Eliphas Levi nos cuenta sobre la necesidad de creer en algo, en alguien… si no el ser humano seria
desdichado. Irresponsable de sí mismo, el humano busca allá afuera lo que debe buscar adentro.
-¿Por qué lo mato?
-No se… es que se me metió el Diablo. Pobre… no sabe que ya lo trae uno adentro.
-Y que haces aquí sentada Irasema…
-Estoy esperando a que den las diez…tengo una cita de trabajo en un jardín de niños.
Sentada en el piso, afuera del metro, mirando sin mirar yacía frente a mí Irasema. La noticia me
cimbro y recordé la nota que salió en la prensa… “MATO A SU HIJA POR ORDENES DEL DIABLO”.
Irasema tomo a su hija de dos años, la levanto y la azoto contra el piso, por órdenes del Diablo.
Abandonada y despreciada por su familia, vaga por las calles.
-El Diablo me dijo ¡mátala!
-Me asome por la ventana del primer piso del hotel de paso, mientras mi pareja iba por más
“caguamas” y por más marihuana. Un tipo en la calle me miraba y me dio la orden mental. Era el
Diablo, le obedecí. El amante al ver la escena huyo.
Salió libre, purgo una condena de tres años por haber matado a su hija en estado alterado, no
estaba en sus cabales. Ahora busca trabajo en un jardín de niños.

En el libro “Cómo Se Fabrica Una Bruja” de Juan José López Ibor, el autor nos describe a una mujer
que se sentía mala, a raíz de la visita de una secta.
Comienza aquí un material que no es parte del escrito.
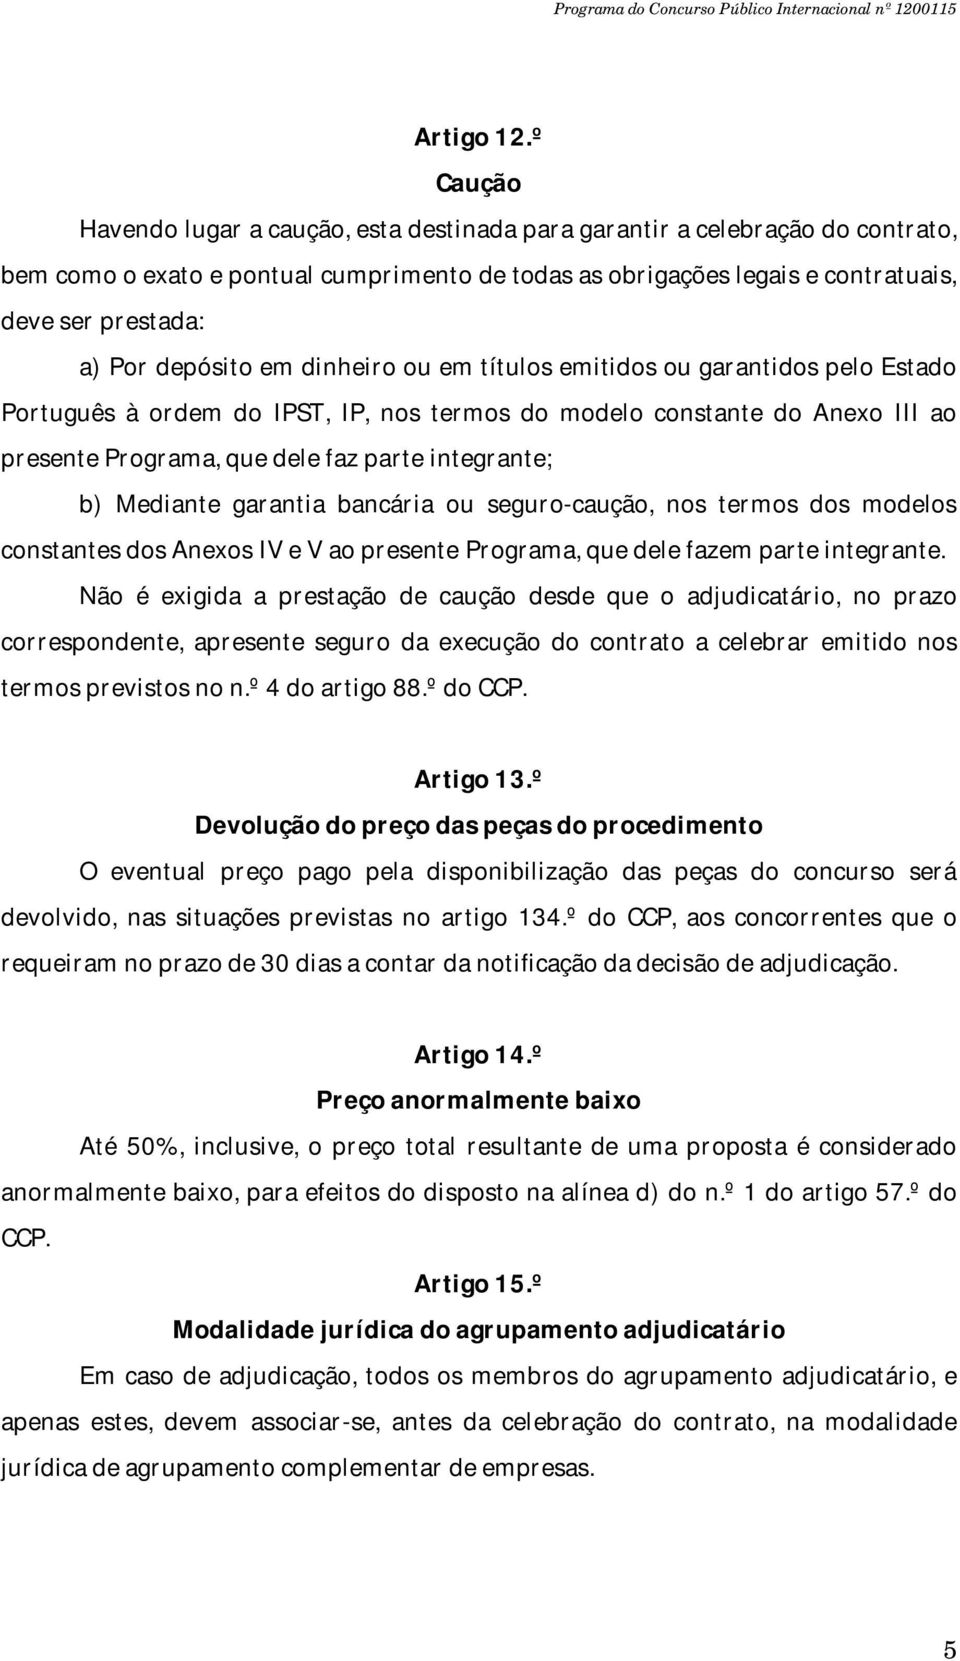 depósito em dinheiro ou em títulos emitidos ou garantidos pelo Estado Português à ordem do IPST, IP, nos termos do modelo constante do Anexo III ao presente Programa, que dele faz parte integrante;

Poco a poco la idea del fin del mundo y de que
ella era pecadora la sumía en la depresión. Creía que el Diablo iría por ella porque era mala. Tomo
un rifle y se disparo en la cara. Sobrevivió y recibió terapia de JJ LOPÉZ IBOR. 1976.
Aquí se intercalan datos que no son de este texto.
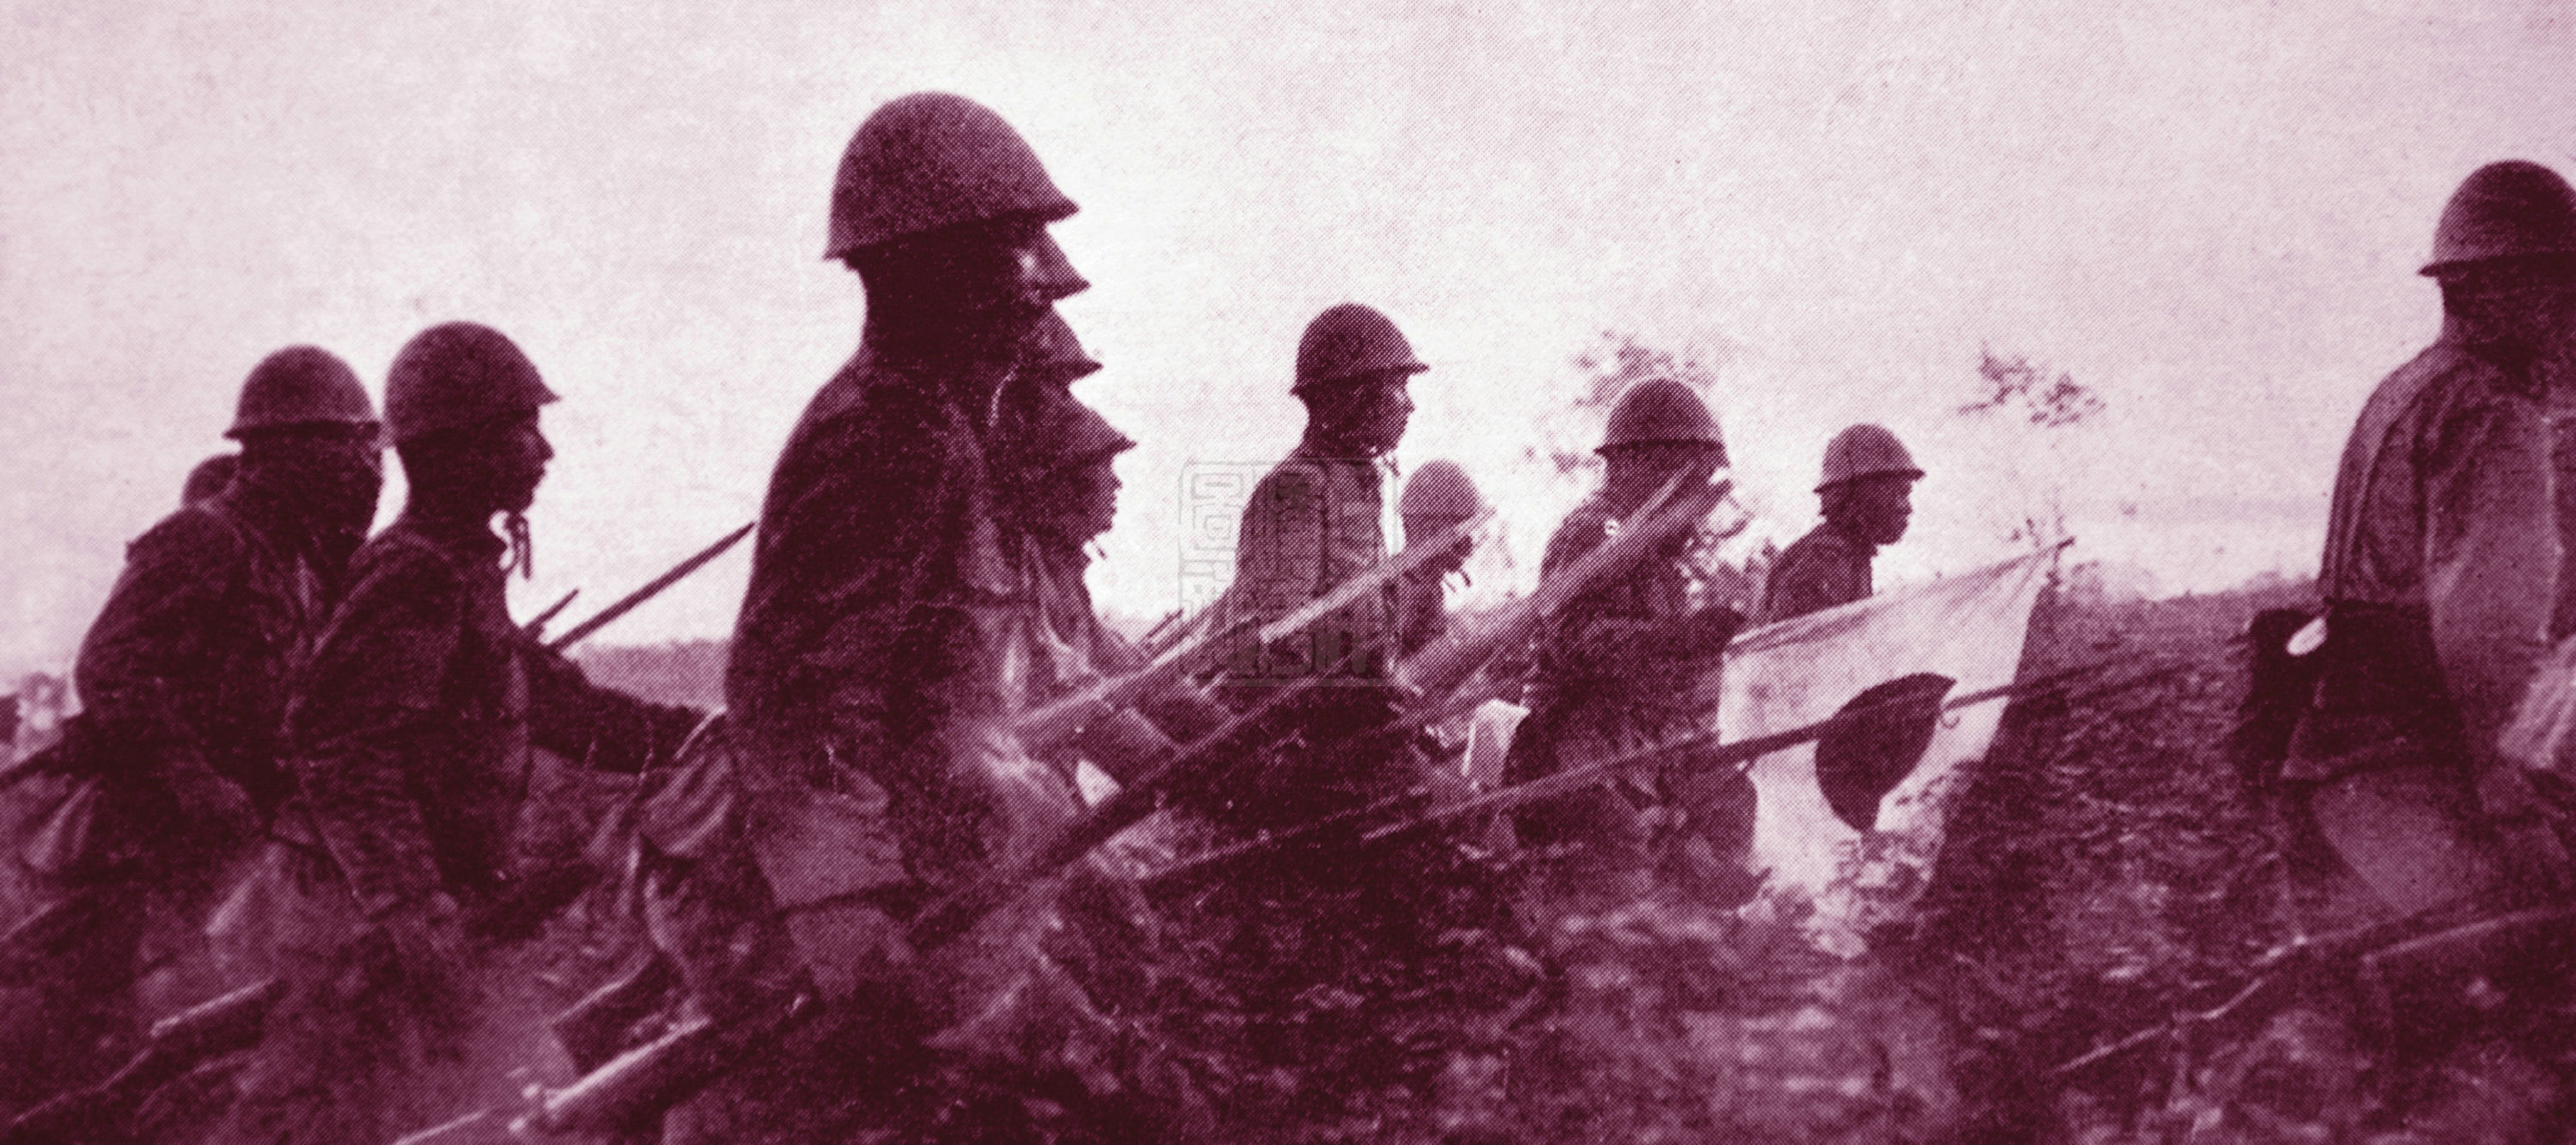 河北大地上遍布日军铁蹄:一组侵华日军在河北大扫荡的原始照片

El Diablo presente como castigador. Las ideas metidas en el cerebro de la gente de lo bueno, lo
malo y los pecados hacen mella en las almas débiles. Hay gente que cree hoy en día que el sexo es
pecado, y más si es la amante, el remordimiento no la deja en paz. Creer en brujería es cosa del
Diablo. Hoy en pleno siglo XXI millones de seres de todo el mundo creen en el Diablo, aparecidos,
brujas, duendes, elfos.
El desconocimiento de uno mismo, hace buscar alternativas para este vacío. La responsabilidad de
asumirse como un todo es complicado, puesto que a los individuos no les interesa conocerse. Es
más fácil ser un débil mental que un Hermes. Es más fácil echarle la culpa a alguien más que a uno
mismo. Y mientras esto suceda el Diablo por supuesto hará de las suyas.